Working data

-.-.-

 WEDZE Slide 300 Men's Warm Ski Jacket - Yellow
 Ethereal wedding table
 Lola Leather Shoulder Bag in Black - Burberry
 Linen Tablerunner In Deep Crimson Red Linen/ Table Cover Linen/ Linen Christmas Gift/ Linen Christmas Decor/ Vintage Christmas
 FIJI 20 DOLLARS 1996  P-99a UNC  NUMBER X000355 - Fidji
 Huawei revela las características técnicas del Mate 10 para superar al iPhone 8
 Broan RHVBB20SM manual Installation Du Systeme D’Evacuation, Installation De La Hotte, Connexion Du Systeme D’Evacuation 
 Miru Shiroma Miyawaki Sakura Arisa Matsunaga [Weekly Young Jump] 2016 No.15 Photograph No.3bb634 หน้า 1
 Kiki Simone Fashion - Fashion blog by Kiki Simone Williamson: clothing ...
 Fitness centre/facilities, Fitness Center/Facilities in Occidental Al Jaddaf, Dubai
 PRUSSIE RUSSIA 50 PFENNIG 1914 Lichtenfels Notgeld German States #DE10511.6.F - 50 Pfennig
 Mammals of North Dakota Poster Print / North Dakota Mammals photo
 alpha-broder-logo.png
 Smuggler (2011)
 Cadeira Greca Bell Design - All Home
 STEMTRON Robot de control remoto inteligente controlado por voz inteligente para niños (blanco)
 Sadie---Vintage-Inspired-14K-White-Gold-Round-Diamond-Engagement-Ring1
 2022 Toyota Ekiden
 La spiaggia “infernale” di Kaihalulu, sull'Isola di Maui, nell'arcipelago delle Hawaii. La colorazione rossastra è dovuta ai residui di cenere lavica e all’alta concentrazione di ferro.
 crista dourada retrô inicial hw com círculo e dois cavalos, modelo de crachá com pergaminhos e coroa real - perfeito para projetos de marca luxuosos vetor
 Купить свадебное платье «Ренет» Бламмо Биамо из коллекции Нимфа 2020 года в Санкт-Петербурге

-.-.-

Task statement
Reproduce only the lines above spanning from the line containing "FIJI 20 DOLLARS" through the line containing "crista dourada retrô", word for word.

Solved problem
 FIJI 20 DOLLARS 1996  P-99a UNC  NUMBER X000355 - Fidji
 Huawei revela las características técnicas del Mate 10 para superar al iPhone 8
 Broan RHVBB20SM manual Installation Du Systeme D’Evacuation, Installation De La Hotte, Connexion Du Systeme D’Evacuation 
 Miru Shiroma Miyawaki Sakura Arisa Matsunaga [Weekly Young Jump] 2016 No.15 Photograph No.3bb634 หน้า 1
 Kiki Simone Fashion - Fashion blog by Kiki Simone Williamson: clothing ...
 Fitness centre/facilities, Fitness Center/Facilities in Occidental Al Jaddaf, Dubai
 PRUSSIE RUSSIA 50 PFENNIG 1914 Lichtenfels Notgeld German States #DE10511.6.F - 50 Pfennig
 Mammals of North Dakota Poster Print / North Dakota Mammals photo
 alpha-broder-logo.png
 Smuggler (2011)
 Cadeira Greca Bell Design - All Home
 STEMTRON Robot de control remoto inteligente controlado por voz inteligente para niños (blanco)
 Sadie---Vintage-Inspired-14K-White-Gold-Round-Diamond-Engagement-Ring1
 2022 Toyota Ekiden
 La spiaggia “infernale” di Kaihalulu, sull'Isola di Maui, nell'arcipelago delle Hawaii. La colorazione rossastra è dovuta ai residui di cenere lavica e all’alta concentrazione di ferro.
 crista dourada retrô inicial hw com círculo e dois cavalos, modelo de crachá com pergaminhos e coroa real - perfeito para projetos de marca luxuosos vetor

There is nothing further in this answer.